Let's talk about speed... Yes, it's good to be fast but sometimes we can't be. Someone running their first marathon isn't going to be the fastest one. The most important thing is that they FINISH THE RACE. It doesn't matter how. Walking, running, jogging, crawling. Whatever they need to do to get to that finish line. The most important thing is to keep placing one foot in front of the other. Progress is not measured in quickness, but in distance. Are you at a different point today than yesterday?
Characters in our books are going on a journey and how boring would that journey be if everything went perfectly fine. Enjoy your journey & have fun!
They say if your plot is flagging, put something in to liven it up or challenge the characters. I've never almost drowned anyone in my books before, so this was a first. And I had to leave my three most major characters about to drown when I went to bed last night. Then this morning, instead of rushing in to rescue them, I had to have an argument with my credit card provider. But while I was waiting on the phone to speak to an actual person, I managed nearly 1,000 words (yes, it was a long wait!). And over 1k more at lunchtime. And now they're rescued but more is going on that I hadn't anticipated. Can't wait till after work to find out what happens next!

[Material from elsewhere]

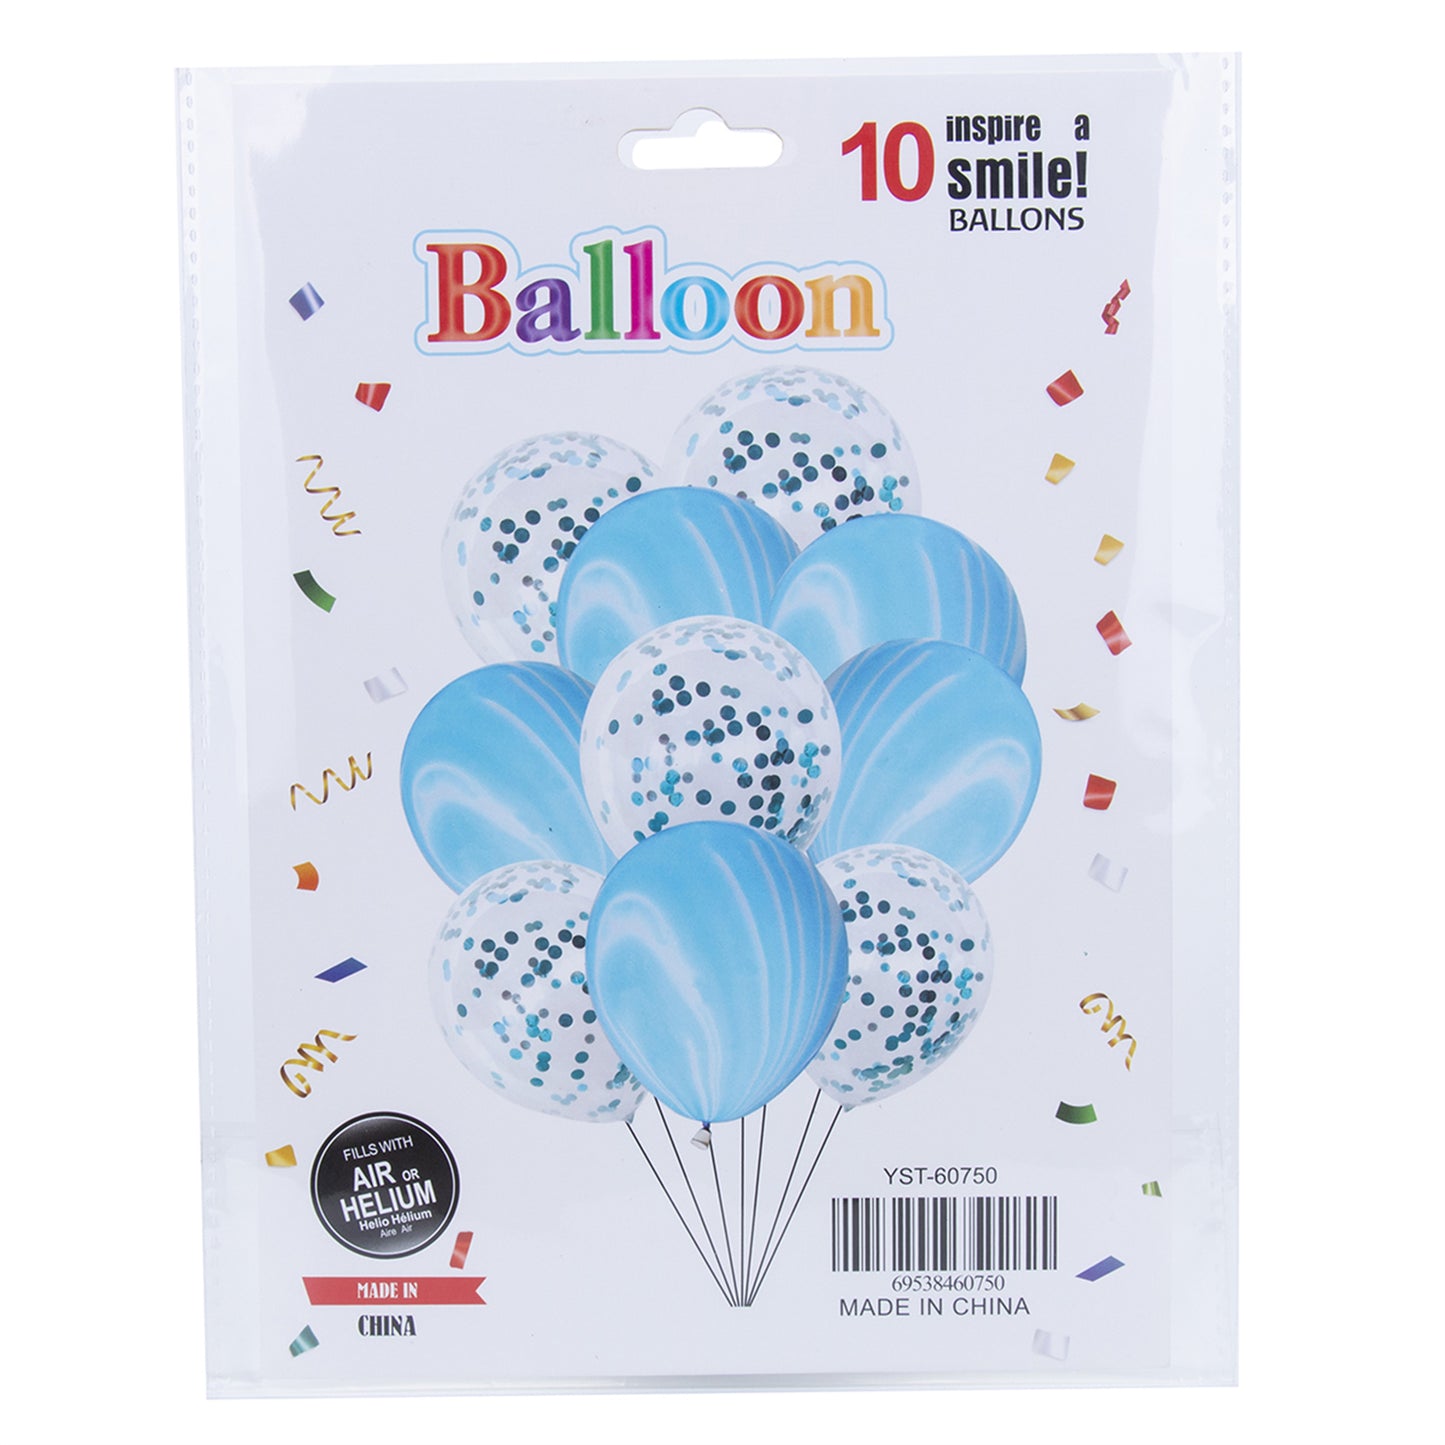 Party balloon themed party

I chose to do nanowrimo as a way to get that first draft out quickly (I typically get caught up in editing as I write). Breaking that habit is tougher than I imagined. But, I'm glad to see the results of sticking to a daily word count. There are definitely takeaways in this experience.
Nearly halfway to 50k - I'm sure that's because we're all cheering one another on, thank you. I can manage a couple of thousand words a day it seems before I run out of ideas, though there may not be many pearls in there. I need to think of the next hurdle to put the characters over. It's a bit static - lots of talk not enough action. Time to throw a curveball? (and possibly stop mixing my metaphors).

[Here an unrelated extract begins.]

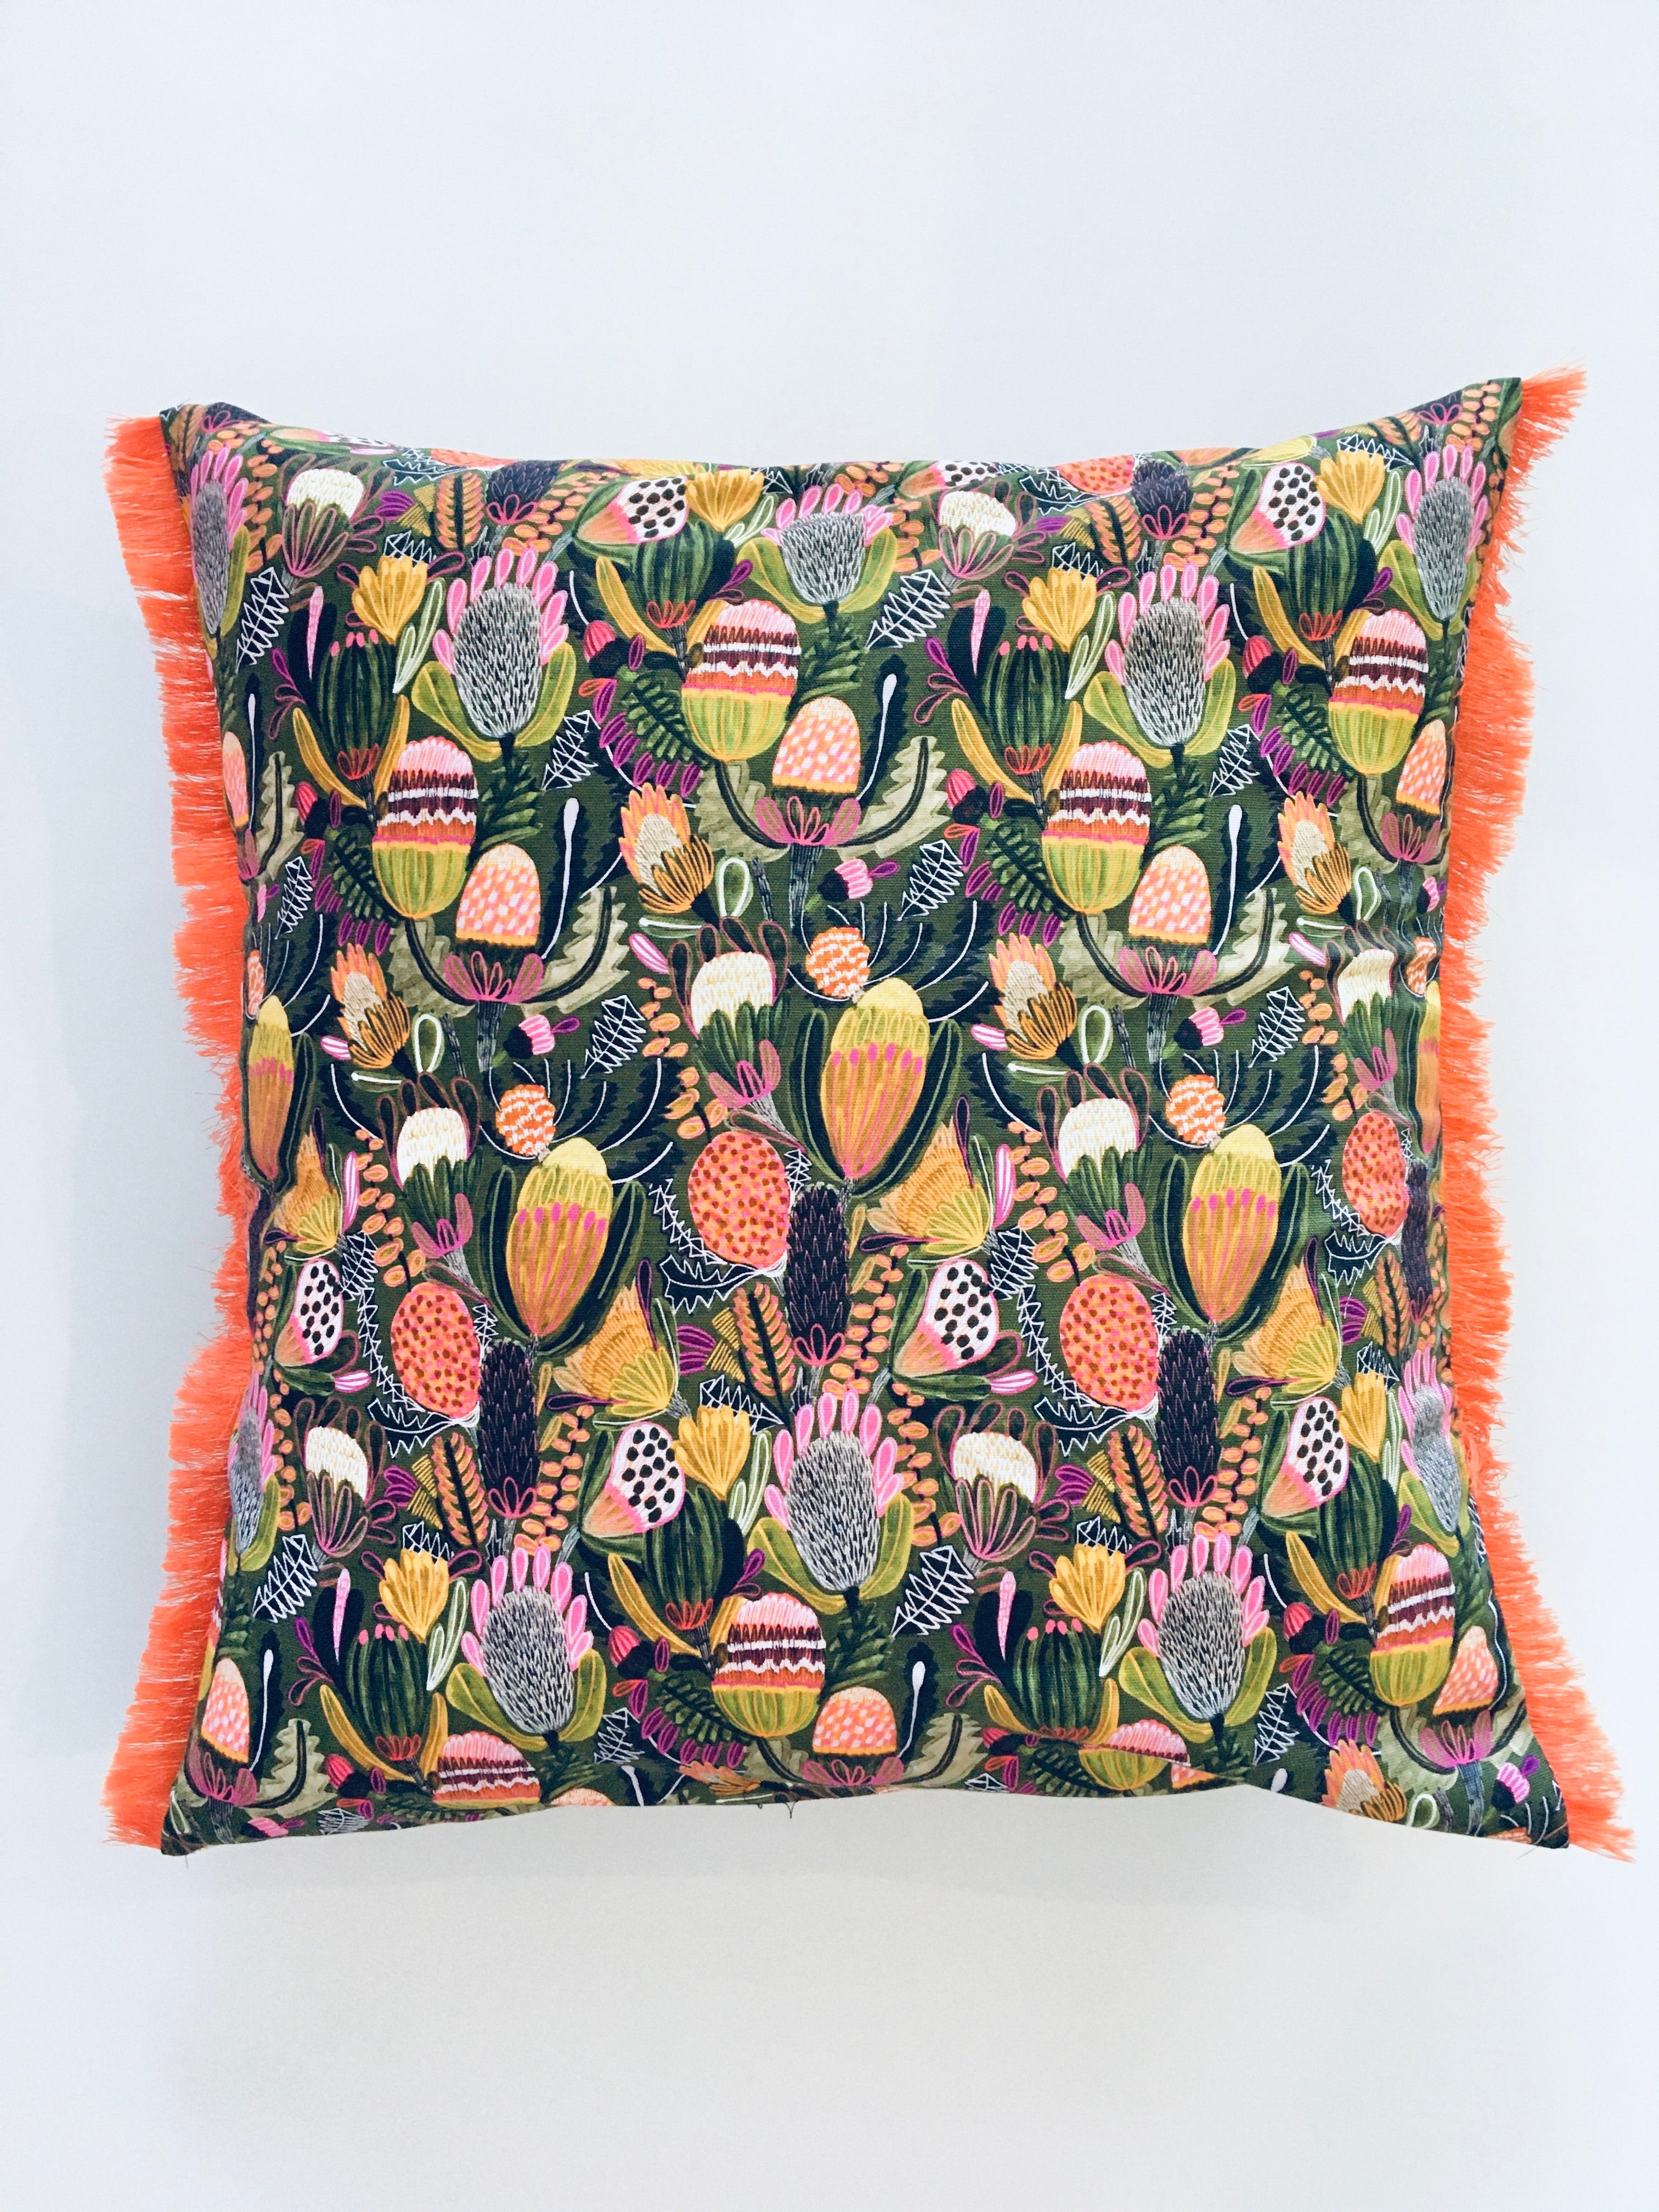 Deluxe Cushion Cover - Bush Banksia

Maggie, a curveball may be just the thing! I think it was Raymond Chandler who said that if the plot is flagging, have a guy come into the room with a gun. It sounds like you're maybe telling a lot of back story, which may be more relevant to you than to your readers, or you may be writing a very detailed plan, rather than progressing the action? You might want to watch the relevant parts of Harry's How to Write video course (if you haven't seen it - or re-watch if you have). He has some great ideas for getting out of a rut.
Thanks Karen, I'll watch it. Part of the problem is that I haven't done any plotting beforehand - only decided to do NaNo 3 days before November 1st. I'm dithering about who to kill off next so focussing on characterisation via conversation because that's easiest to write. But I think I've found a way in, just need to get my ducks (characters) in a row (or perhaps a row - I think a good fight is what they need). Sorry can't resist.